Capital Markets Filings
S-1, 424B, ATM, and PIPE

Every time a company raises money from public investors — through an IPO, a follow-on offering, or a private placement — it files with the SEC. These filings reveal how much dilution is coming, at what price, and who the buyers are. For shareholders, this is essential reading.

S-1 — IPO registration statement

Before a company can sell shares to the public for the first time, it must register the offering with the SEC by filing an S-1 registration statement. The S-1 is the most comprehensive prospectus document in EDGAR — it contains audited financials, business description, risk factors, use of proceeds, and a full capitalization table.

The S-1 goes through multiple rounds of SEC review and amendment (S-1/A filings) before becoming effective. The final pricing and share count are disclosed in the 424B4 prospectus filed on the day of the IPO. Watching the S-1 → amendments → 424B4 sequence tells you whether the deal was upsized (demand was strong) or downsized (demand was weak) relative to the original filing.

S-3 — shelf registration

A shelf registration (S-3) is a standing authorization for a company to issue securities over a period of up to 3 years without filing a new registration each time. The S-3 itself doesn't raise money — it's a loaded gun. The actual offering is disclosed via a prospectus supplement (424B3 or 424B5) when the company decides to pull the trigger.

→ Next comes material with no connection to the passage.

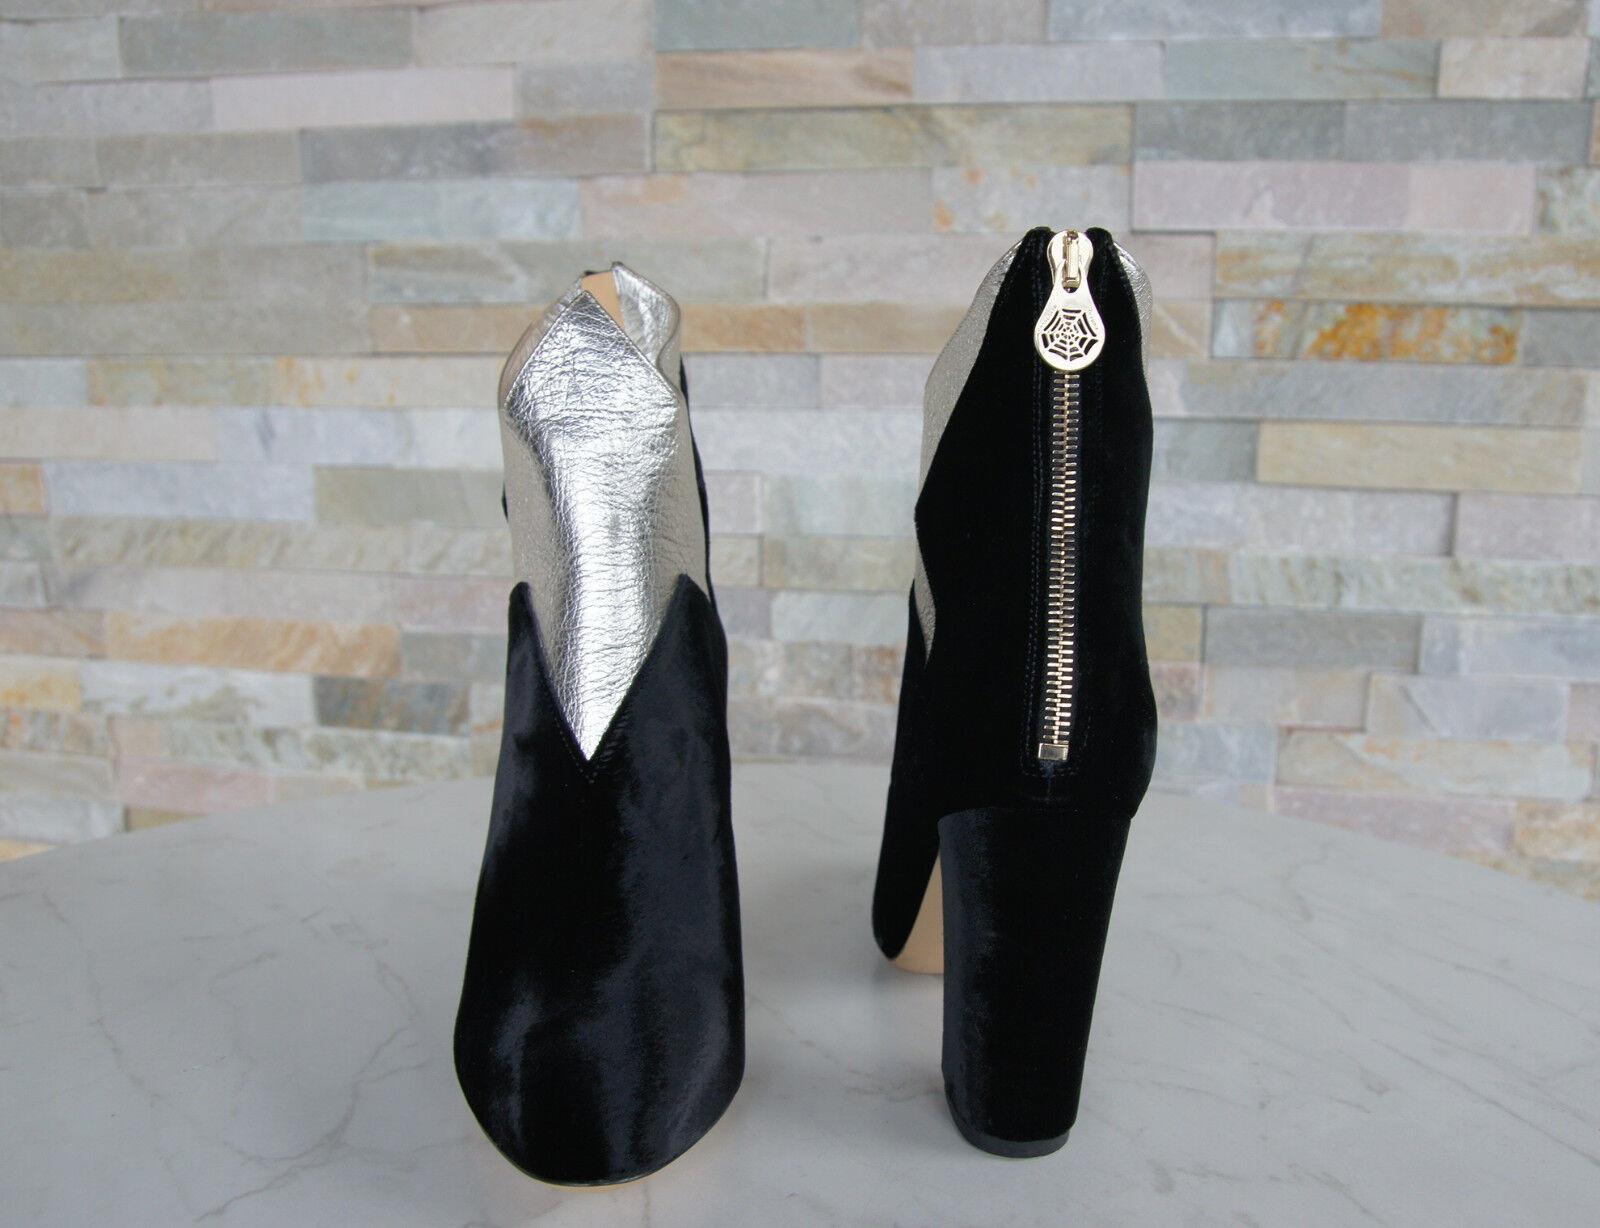 De Luxe Charlotte Olympia 40 40 40 Bottines Bottines Chaussures Velours Neuf Autrefois e45154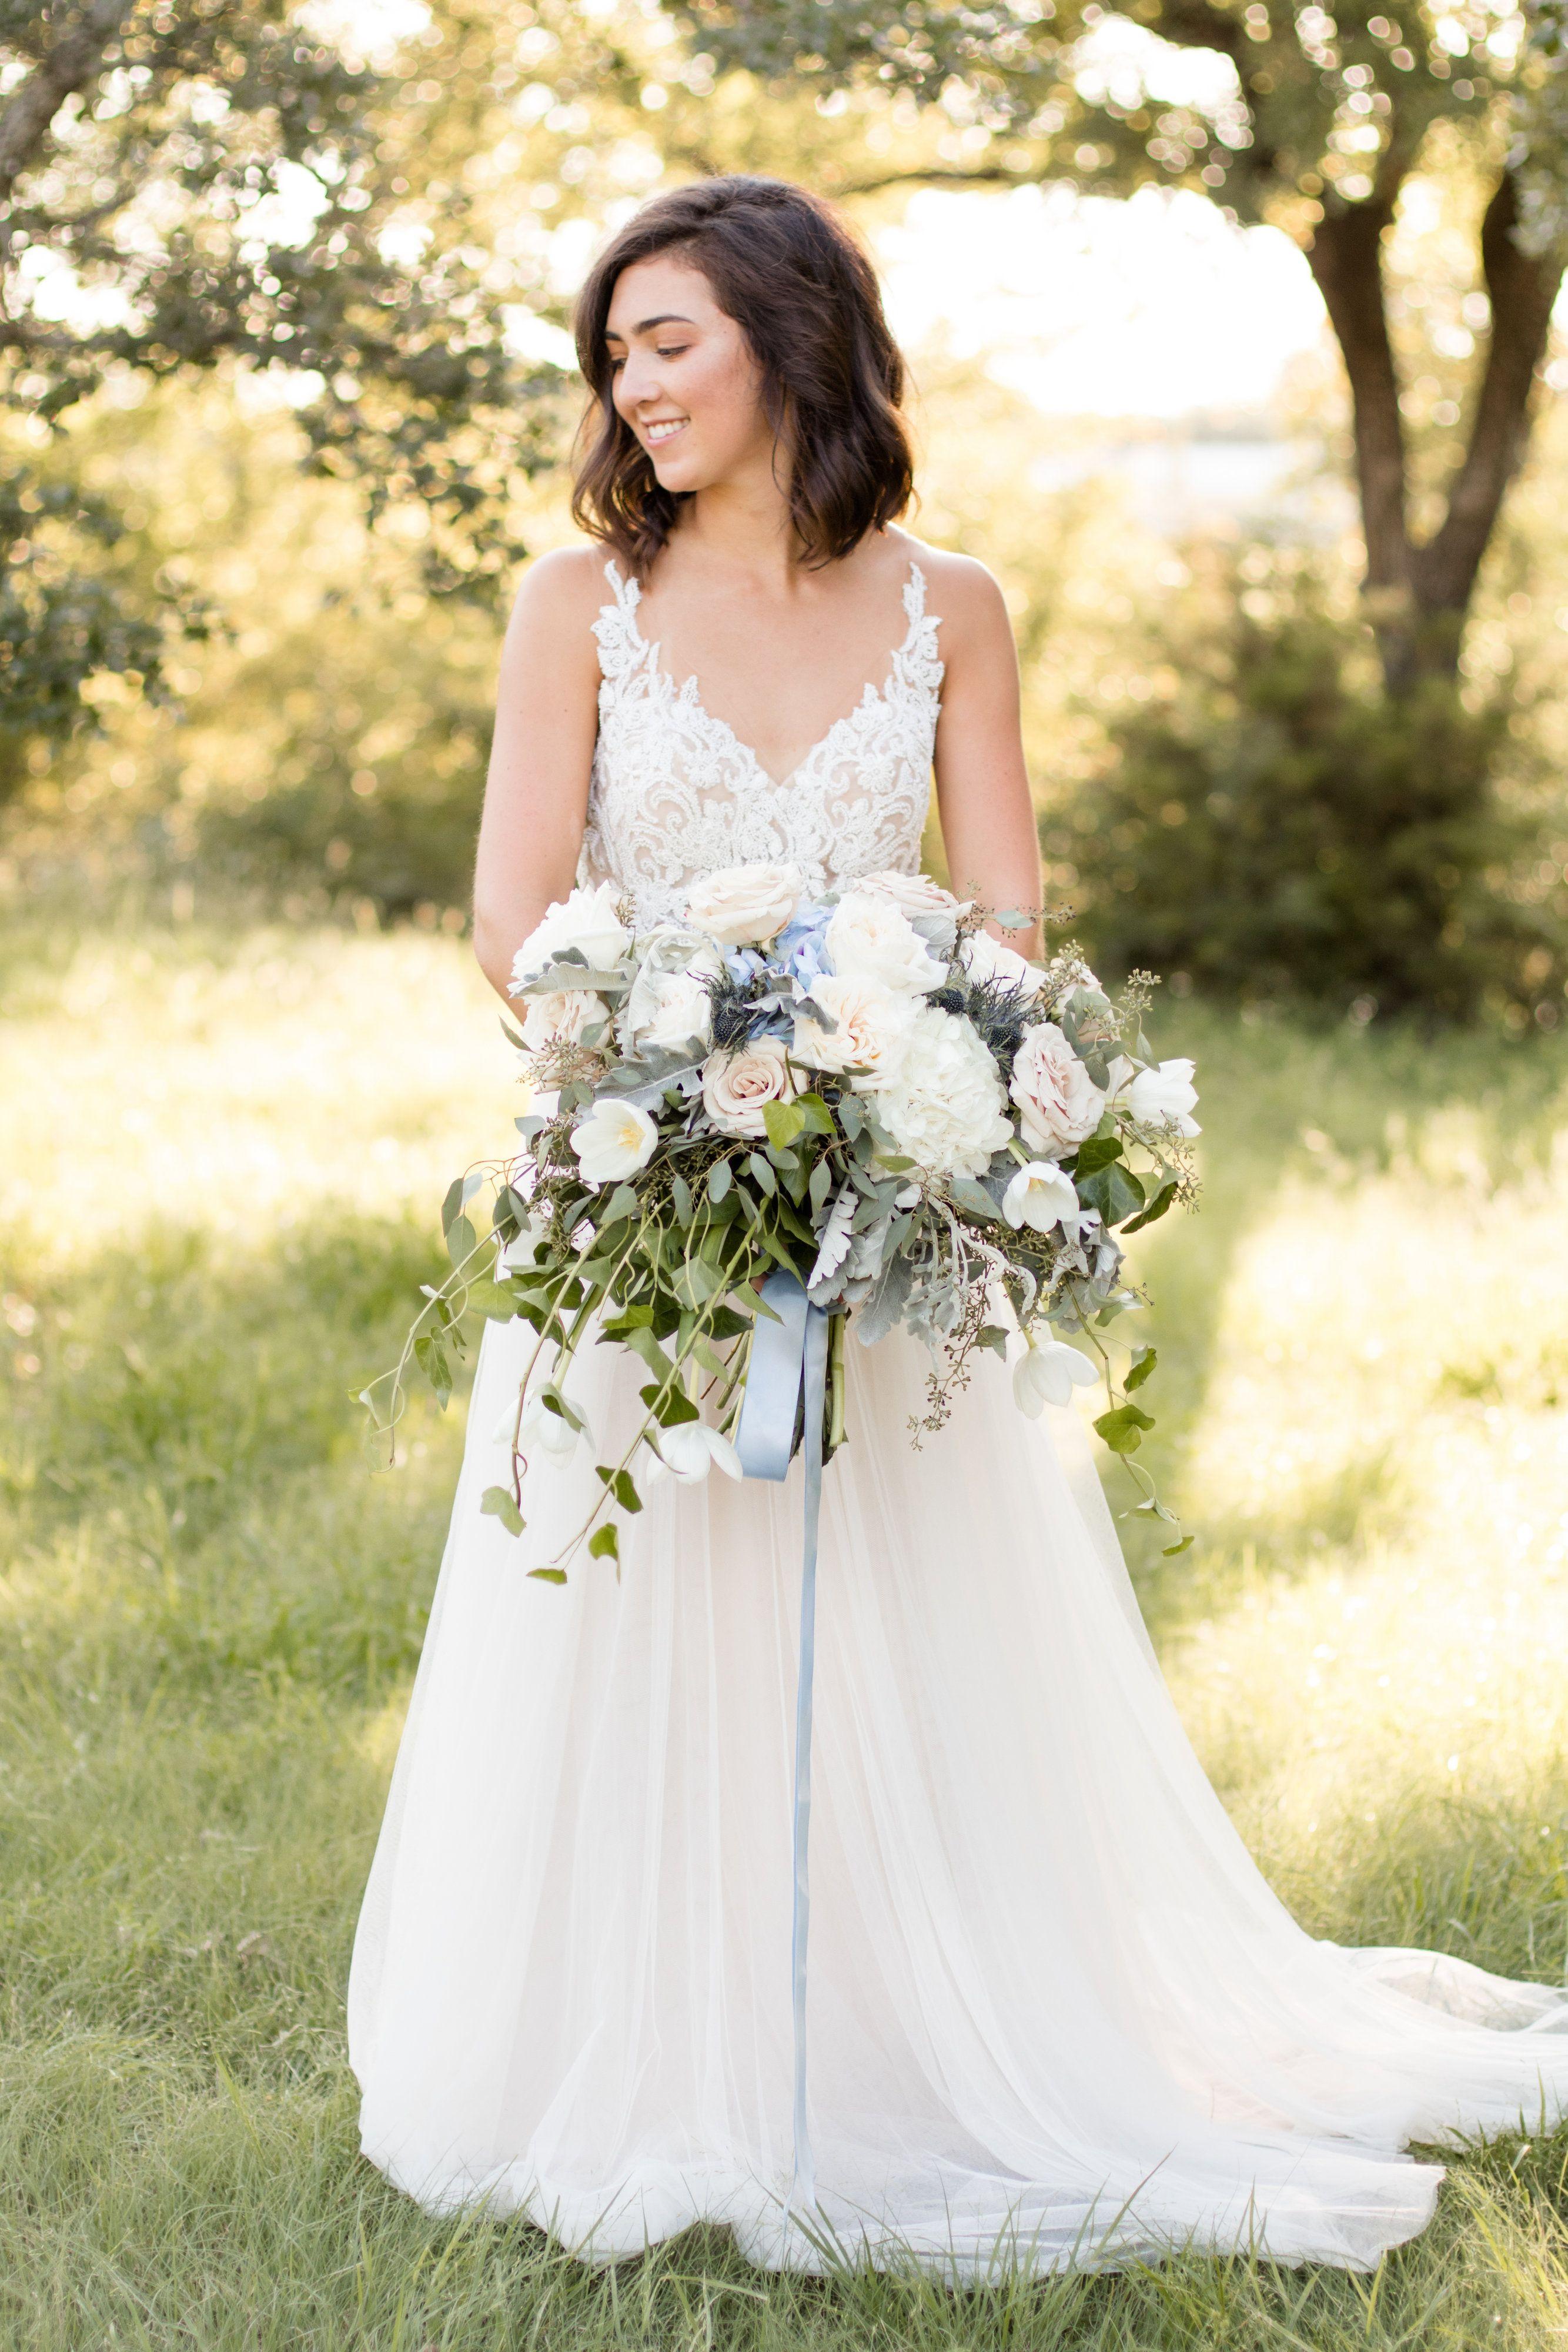 Bridal Portraits Lace Dress Wedding Dress Lush Oversized Garden

For investors, a new S-3 filing from a small-cap that hasn't previously had a shelf registration often signals the company is planning to raise capital. The timing of the subsequent offering relative to the S-3 effective date is informative — a gap of days suggests the offering was already planned; a gap of months suggests they waited for a better stock price.

424B filings — the actual prospectus

The 424B series (424B1, 424B3, 424B4, 424B5) are prospectus filings that contain the final terms of an offering: exact price per share, number of shares offered, underwriters, and use of proceeds.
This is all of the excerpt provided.